- Task goal
Leave the pictures out and restate every line below exactly.

- Data shown

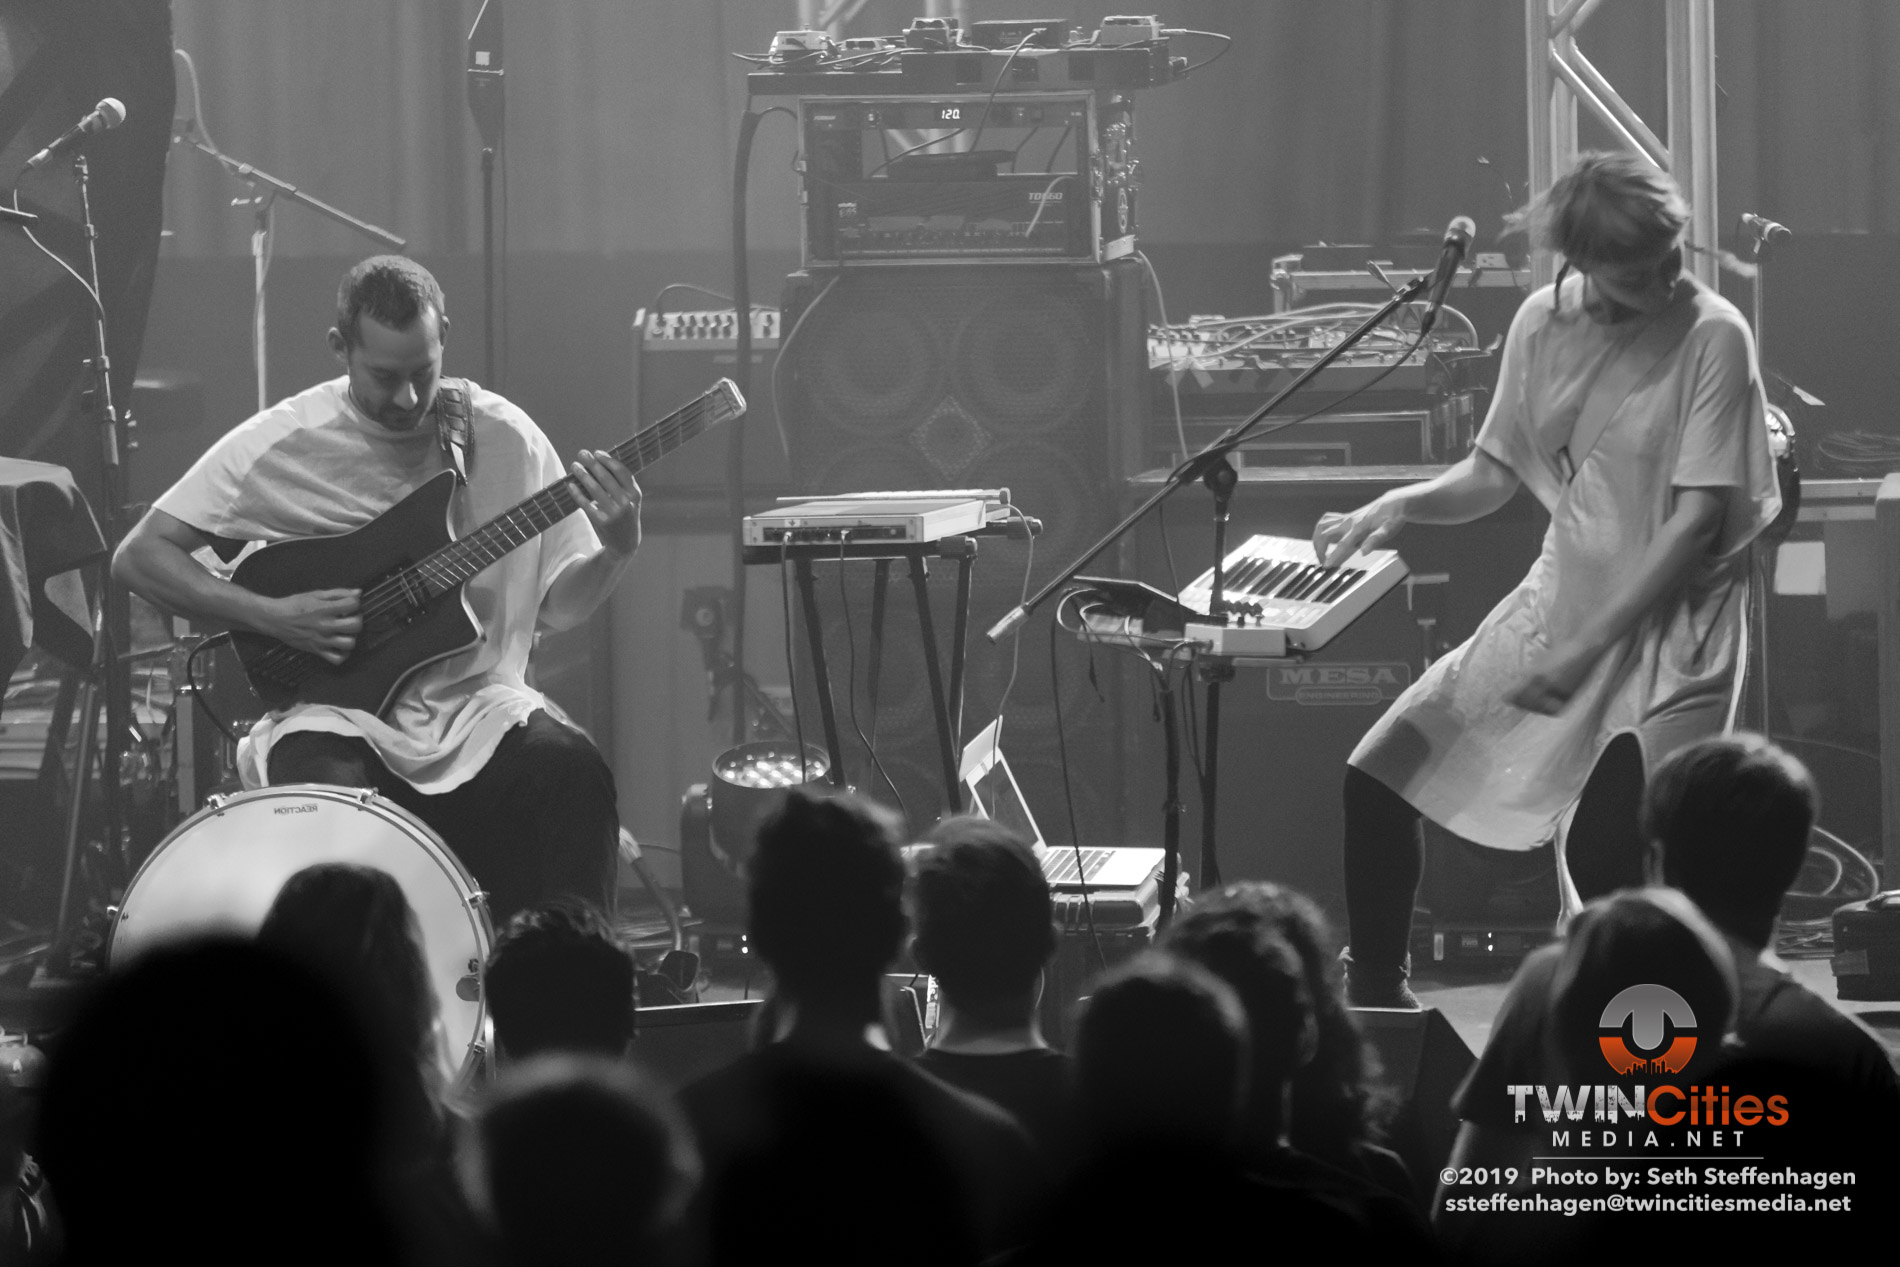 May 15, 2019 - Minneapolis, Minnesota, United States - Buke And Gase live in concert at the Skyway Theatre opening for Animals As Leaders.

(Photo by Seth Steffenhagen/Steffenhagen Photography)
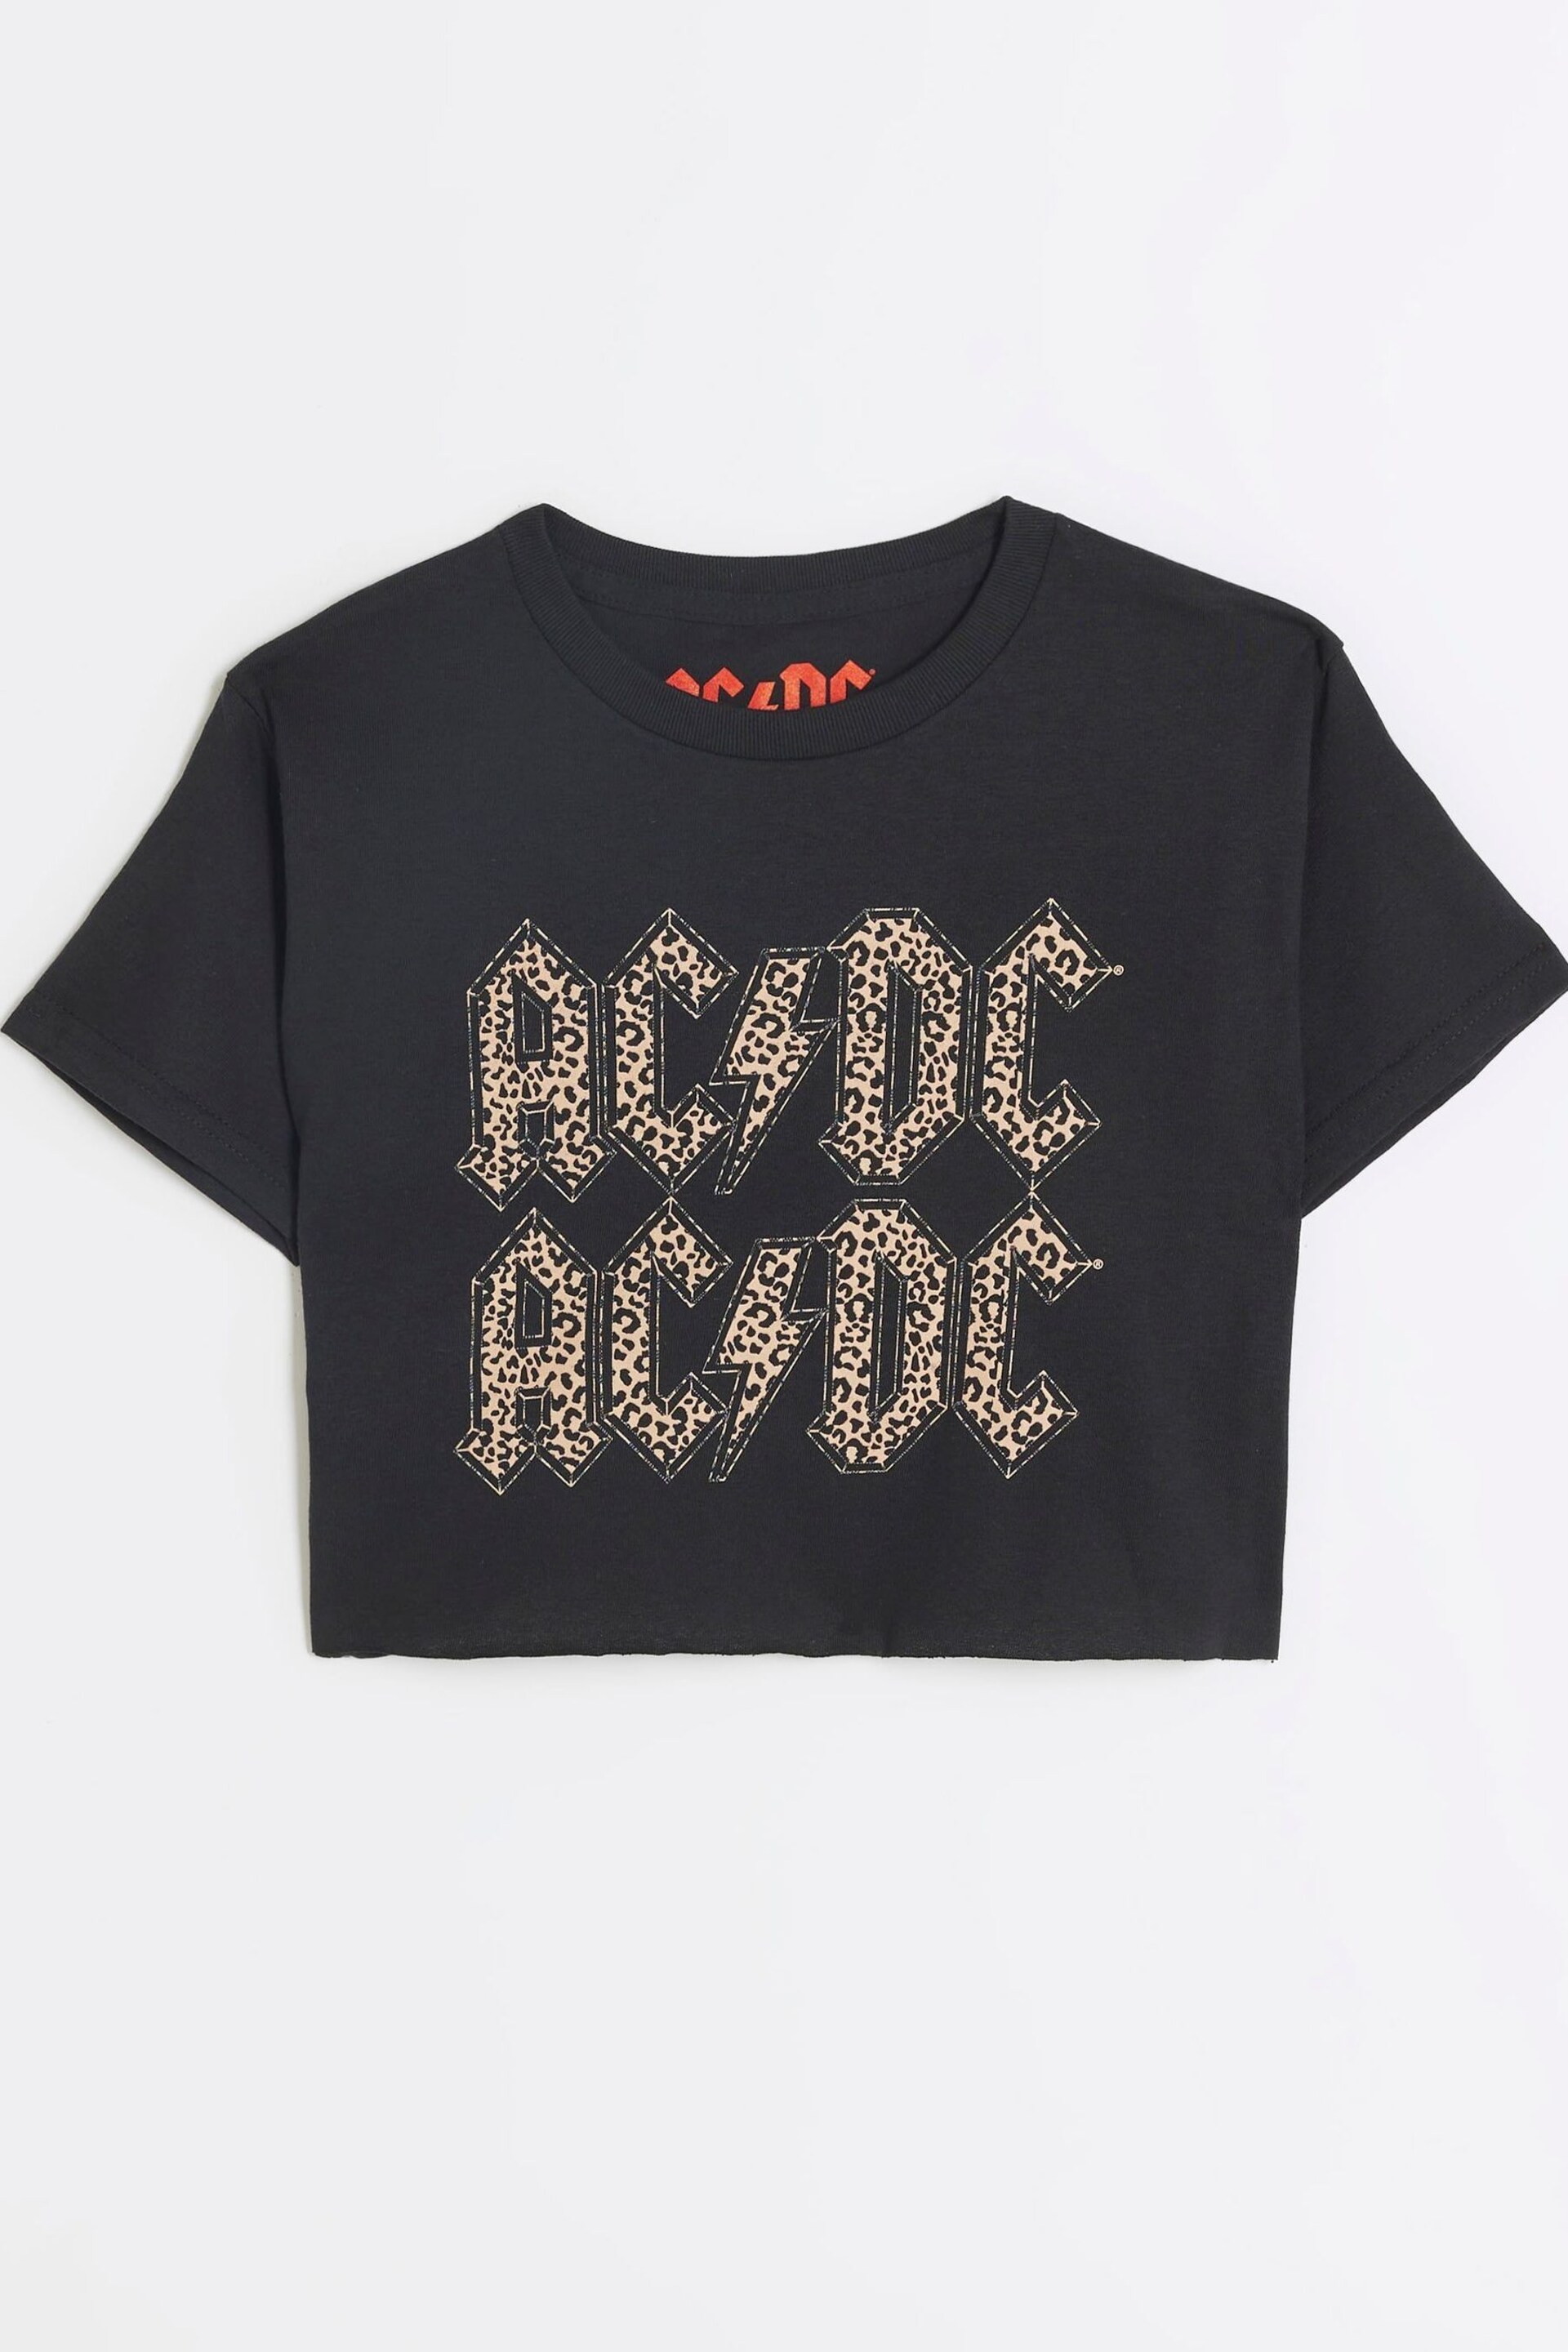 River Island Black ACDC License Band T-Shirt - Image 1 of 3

- Task solution
 May 15, 2019 - Minneapolis, Minnesota, United States - Buke And Gase live in concert at the Skyway Theatre opening for Animals As Leaders.

(Photo by Seth Steffenhagen/Steffenhagen Photography)
 River Island Black ACDC License Band T-Shirt - Image 1 of 3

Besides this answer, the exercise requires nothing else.